WORK ORDER:
Begin with the line below holding "black round toe block heel pumps" and go on through the line holding "abram name meaning", duplicating each line exactly and leaving out pictures.

MATERIAL TO PROCESS:
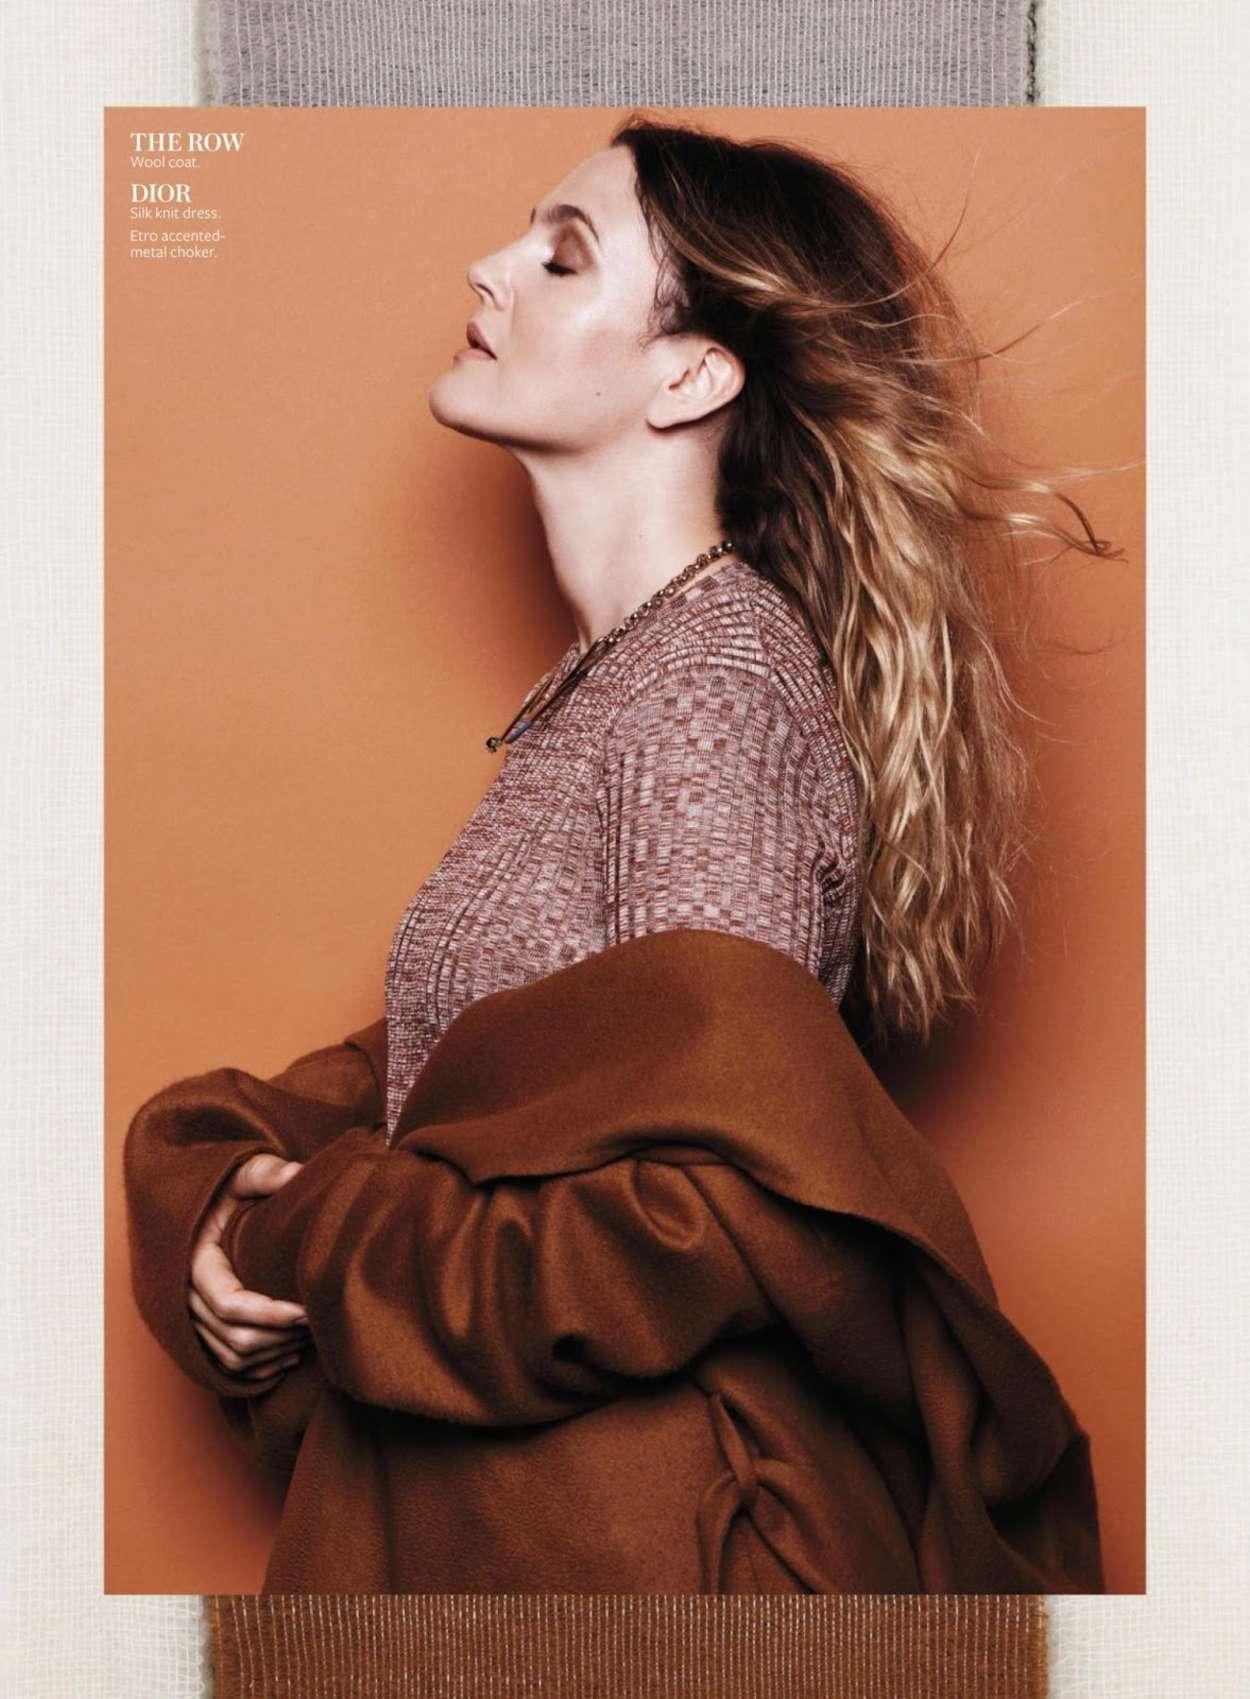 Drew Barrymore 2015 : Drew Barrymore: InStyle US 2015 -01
==
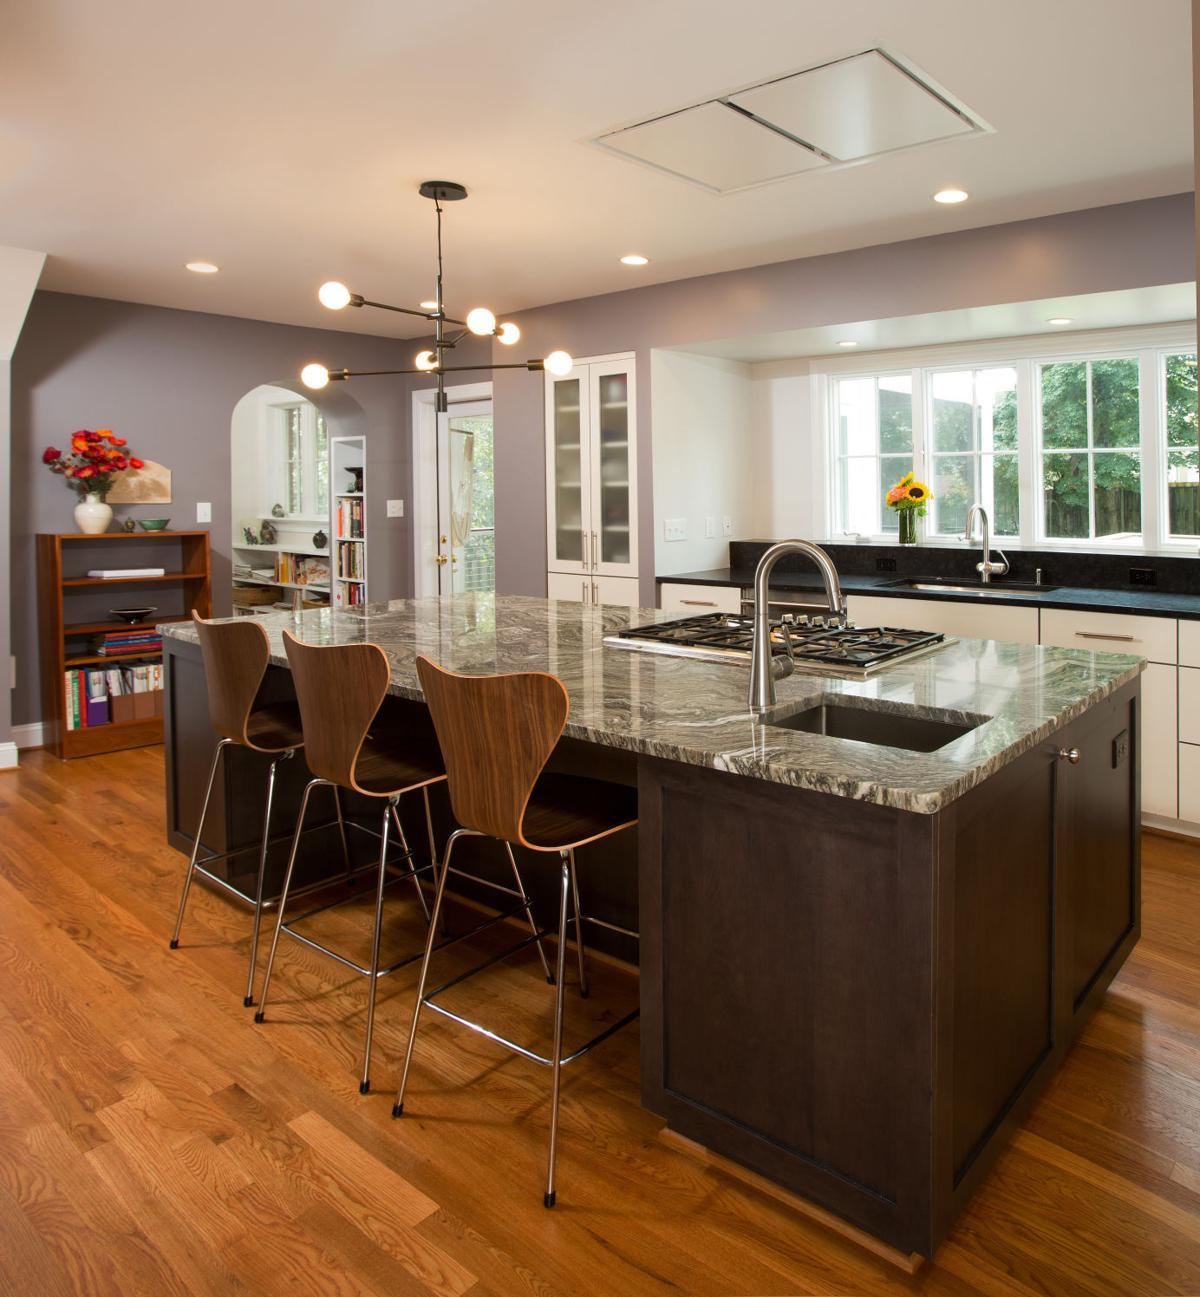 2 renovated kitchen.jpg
...
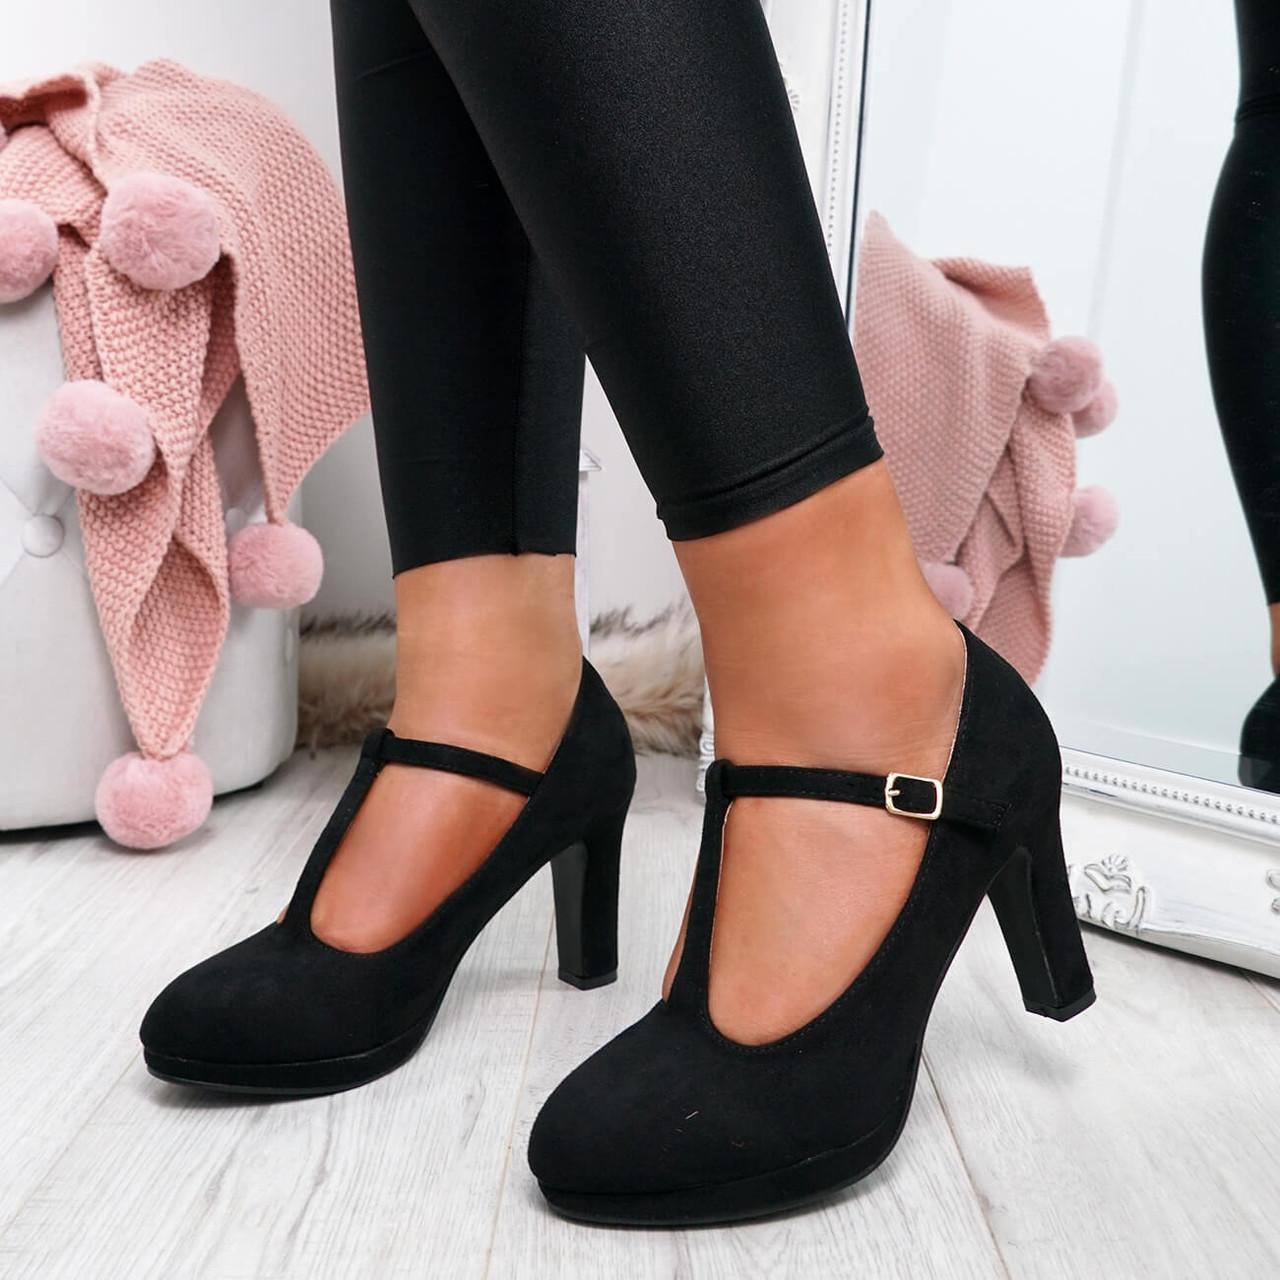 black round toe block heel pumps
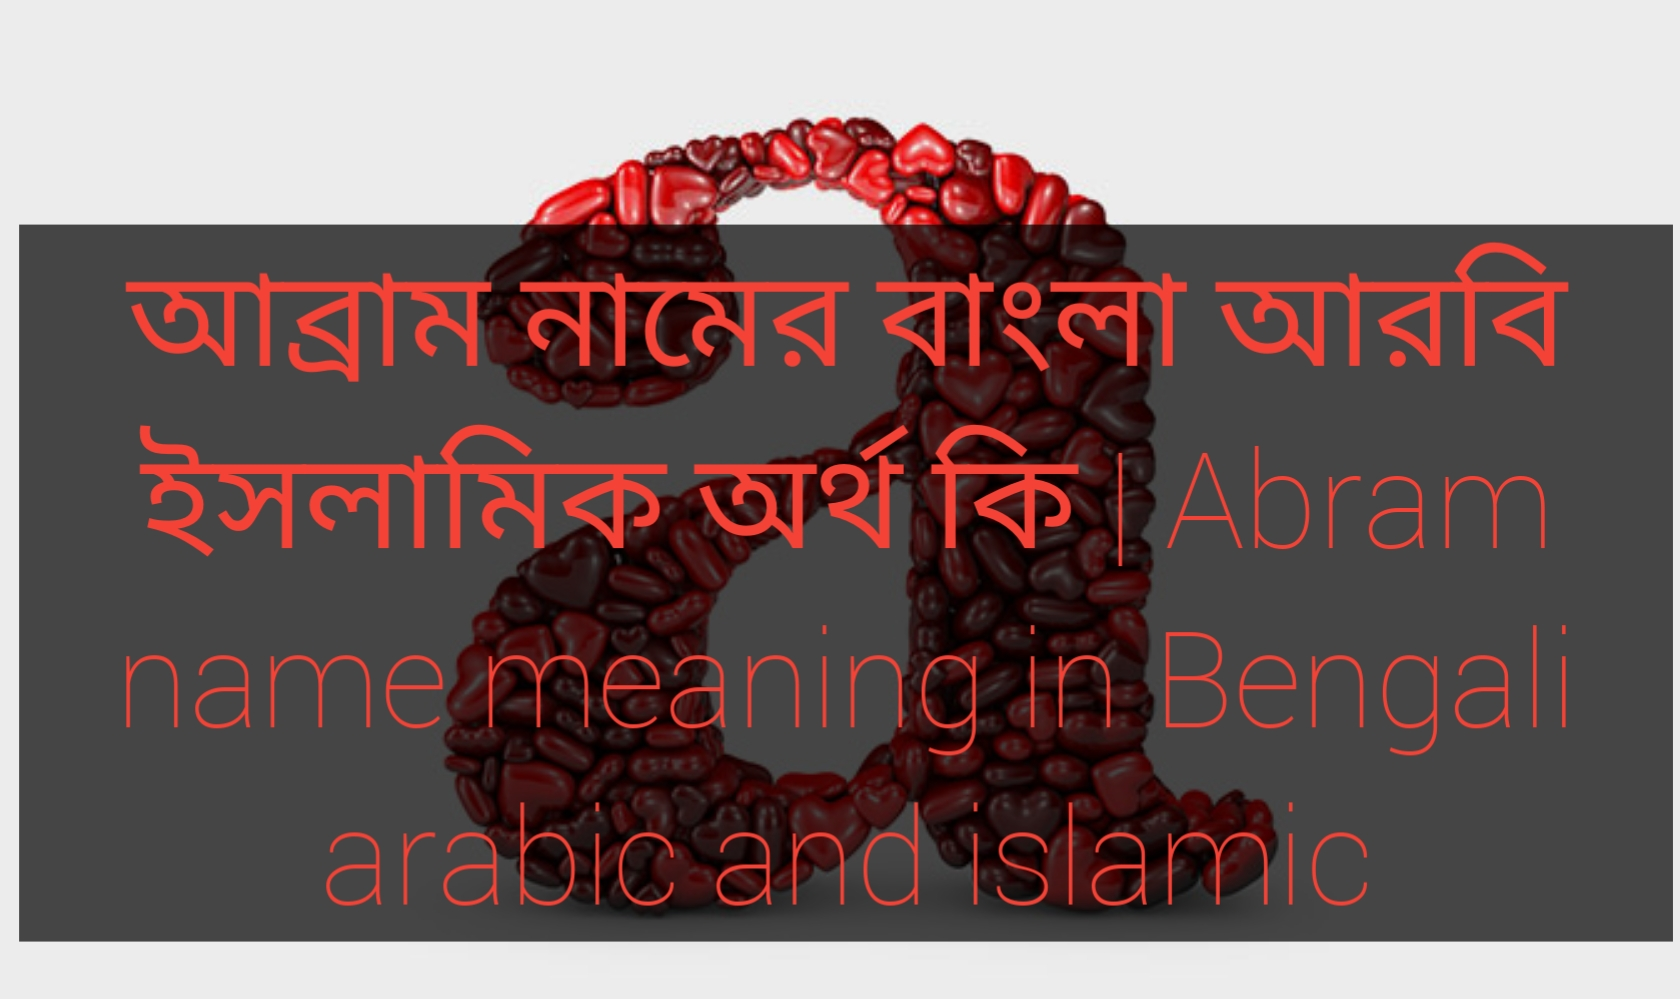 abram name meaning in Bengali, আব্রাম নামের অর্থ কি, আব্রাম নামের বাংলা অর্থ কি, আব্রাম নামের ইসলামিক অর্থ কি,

RESPONSE AREA:
 black round toe block heel pumps
 abram name meaning in Bengali, আব্রাম নামের অর্থ কি, আব্রাম নামের বাংলা অর্থ কি, আব্রাম নামের ইসলামিক অর্থ কি,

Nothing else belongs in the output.